::: RECORDS SHOWN :::
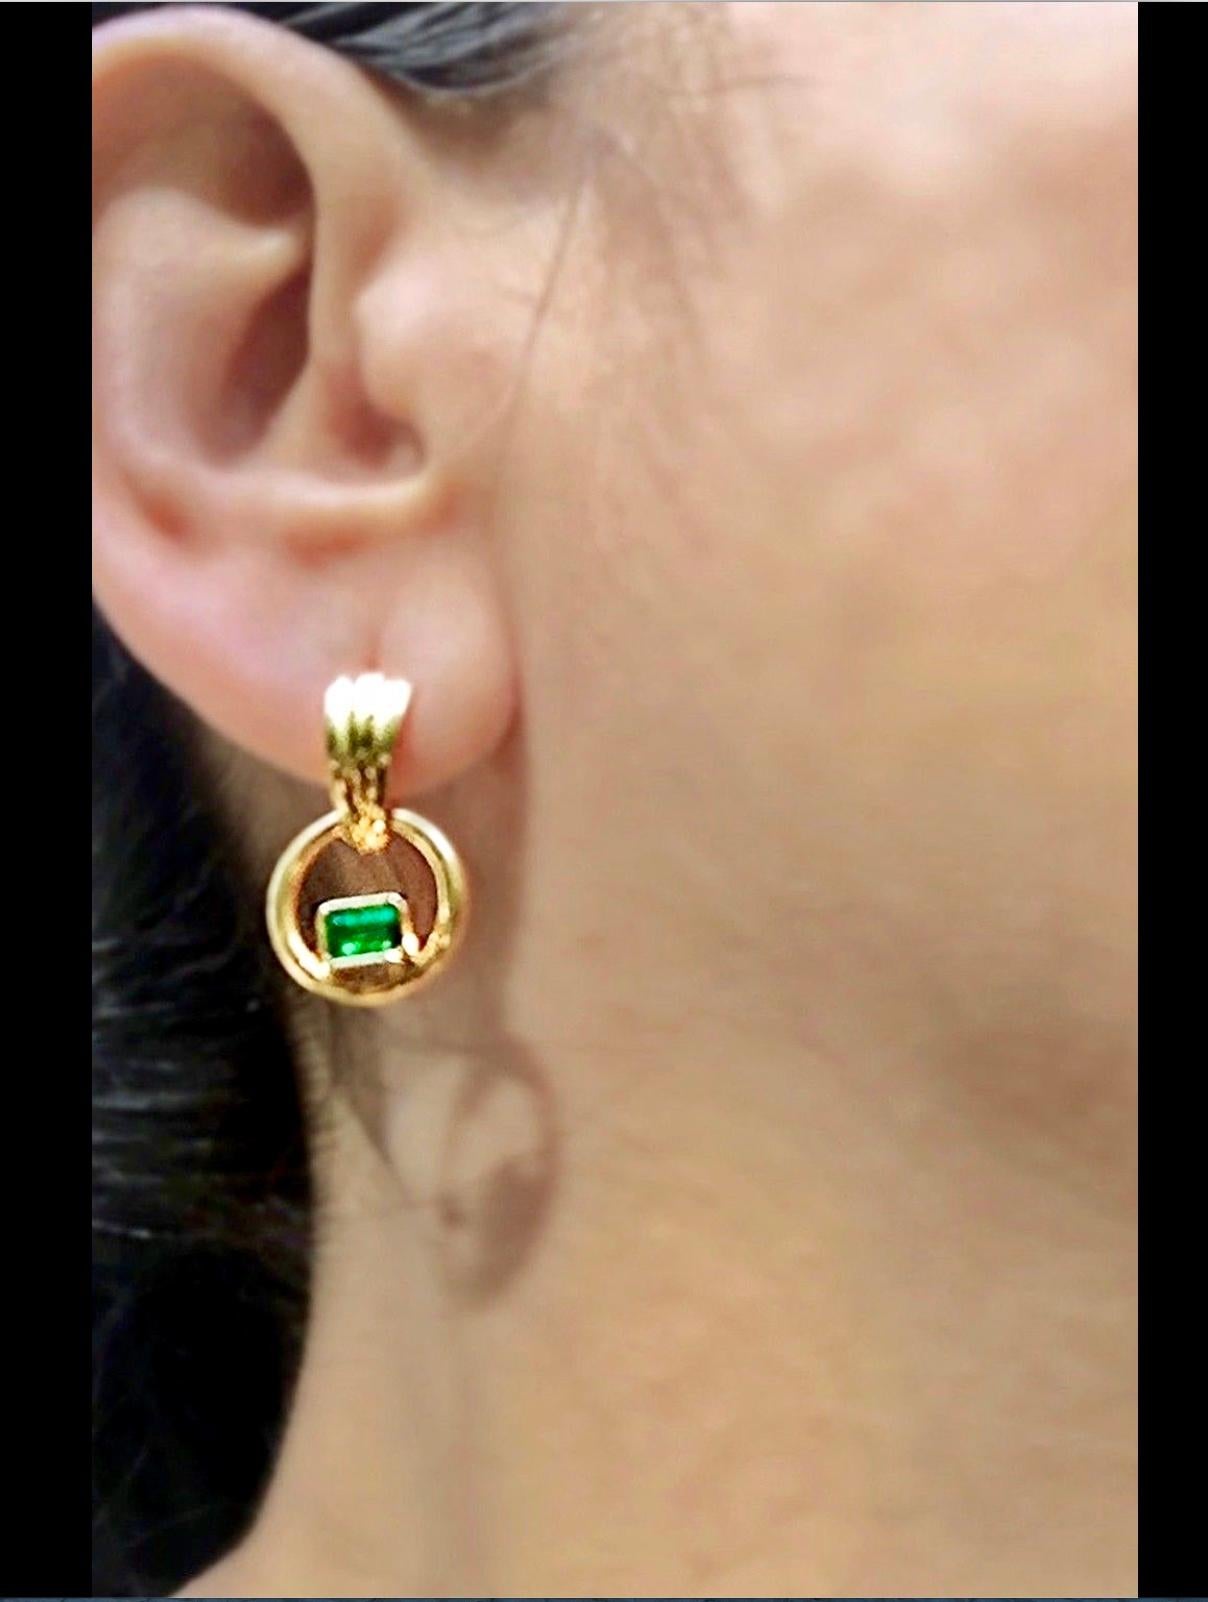 Classic Clip-on Dangle Earrings Natural Colombian Emerald
Total length Earrings: 22.0mm
Shape or Cut : Emerald Cut
Average Color/Clarity : AAA+ Medium Green/ Clarity VS 
Emerald Weight : Over 0.50 carats
Emerald measurements: 4.5x3.5mm
Total length
:::
> EXERCISE INSTRUCTIONS:
Report each line of the entries where the word "Total" occurs.

> TASK RESULT:
Total length Earrings: 22.0mm
Total length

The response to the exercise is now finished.